SUPPLIED INFORMATION Block Start
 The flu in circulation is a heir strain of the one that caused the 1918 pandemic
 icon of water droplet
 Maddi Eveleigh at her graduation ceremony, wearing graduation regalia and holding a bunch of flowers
SUPPLIED INFORMATION Block End
EXERCISE. Please give the full set of data again exactly.

RESULT FOR THIS TASK.
 The flu in circulation is a heir strain of the one that caused the 1918 pandemic
 icon of water droplet
 Maddi Eveleigh at her graduation ceremony, wearing graduation regalia and holding a bunch of flowers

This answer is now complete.